- Born: Thiruvananthapuram
- Occupations: Film editor and film director
- Years active: 1949–2003
- Spouse: Seethamani
- Children: Karthik

= M. S. Mani (film editor) =

Indian film director and film editor

M. S. Mani (1926–2008) was an Indian film director and film editor of Malayalam movies. He won National award twice in 1990 and 1992 for editing the films Iyyer The Great and Sargam and Kerala State Award in 1972 for editing. He joined the film industry in 1948 and his first film was Ashaadeepam. He has edited more than 300 movies. His famous works as editor includes Kathapurushan, Vidheyan, Sargam, Oru Vadakkan Veeragatha, Anantharam and Amritham Gamaya all that went noticed at the national level. He also edited many Hindi and Tamil films. He also directed seven films, including Doctor, Sathyabhama, Subaida, Thalirukal, Vilakkapatta Bandhangal and Jalakannyaka. He was a popular Malayalam movie director during 1980s.

==Personal life==
He hails from Poojapura in Thiruvananthapuram. He was born in November 1926 to Mrithyunjaya Ayyar and Balambal.

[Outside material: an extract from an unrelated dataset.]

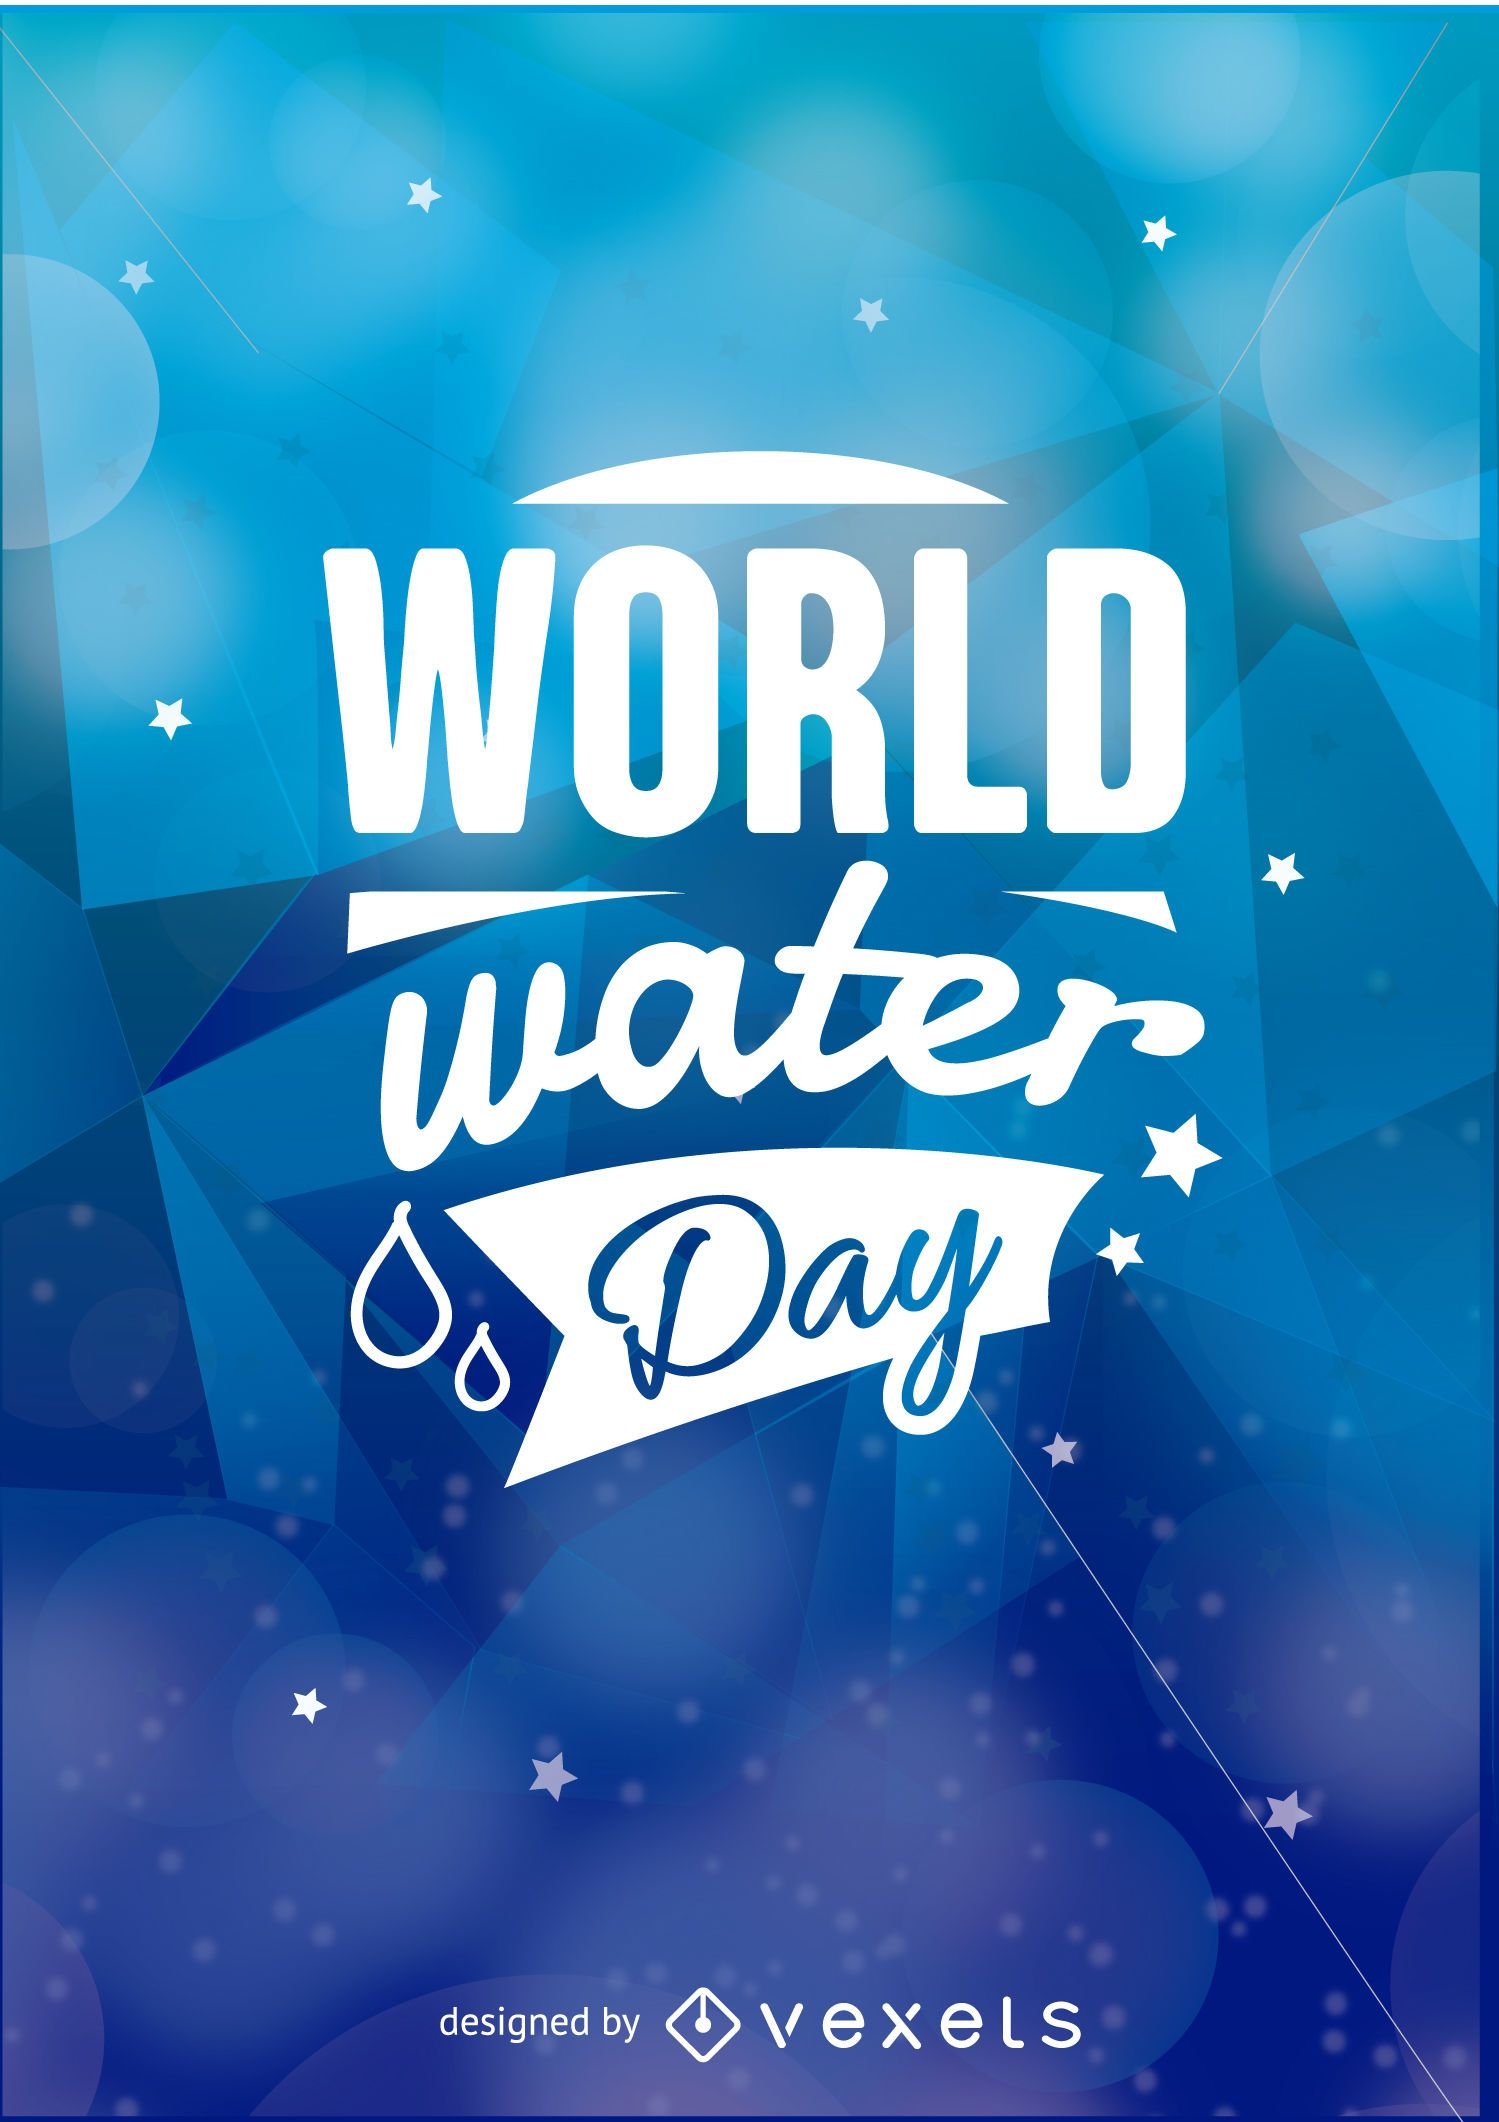 World Water Day emblem over a blue background

He died on 9 March 2008 at the Sree Ramachandra Hospital in Chennai, following heart diseases. He was 81 and is survived by wife Seethamani and only son, Karthik.

==Awards==
- National Film Awards
- 1990 – National Film Award for Best Editing for Iyer the Great
- 1992 – National Film Award for Best Editing for Sargam

- Kerala State Film Awards
- 1972 – Kerala State Film Award for Best Editor for Maram

==Partial filmography==

===Editor===
- Aashadeepam (1953)
- Snehaseema (1954)
- Koodappirappu (1956)
- Nairu Pidicha Pulivaalu (1958)
- Chathurangam (1959)
- Jnaanasundari (1961)
- Viyarppinte Vila (1962)
- Puthiya Aakaasham Puthiya Bhoomi (1962)
- Doctor (1963)
- Sathyabhaama (1963)
- Oru Vadakkan Veeragatha 91989)
- Panjagni (1986)
- Nakhashathangal (1996)
- O Faby (1992)
- Evideyo Oru Shathru (1983)
- Varanmaare Aavashyamundu (1983)
- Poomadathe Pennu	(1984)
- Vellam (1984)
- Vikatakavi (1984)
- Anjaam Hindi (1986)
- Amrutham Gamaya (1987)
- Mangai Oru Gangai (Tamil) (1987)
- Aranyakam (1988)
- Oliyambukal (1990)
- Pavakoothu (1990)
- Sargam (1992)
- Parinayam (1994)
- Ennu Swantham Janakikutty (1998)
- Prem Poojari (1999)

===Direction===
- Puthiya Aakaasham Puthiya Bhoomi (1962)
- Doctor (1963)
- Sathyabhaama (1963)
- Subaida (1965)
- Thalirukal (1967)
- Vilakkappetta Bandhangal (1969)
- Jalakanyaka (1971)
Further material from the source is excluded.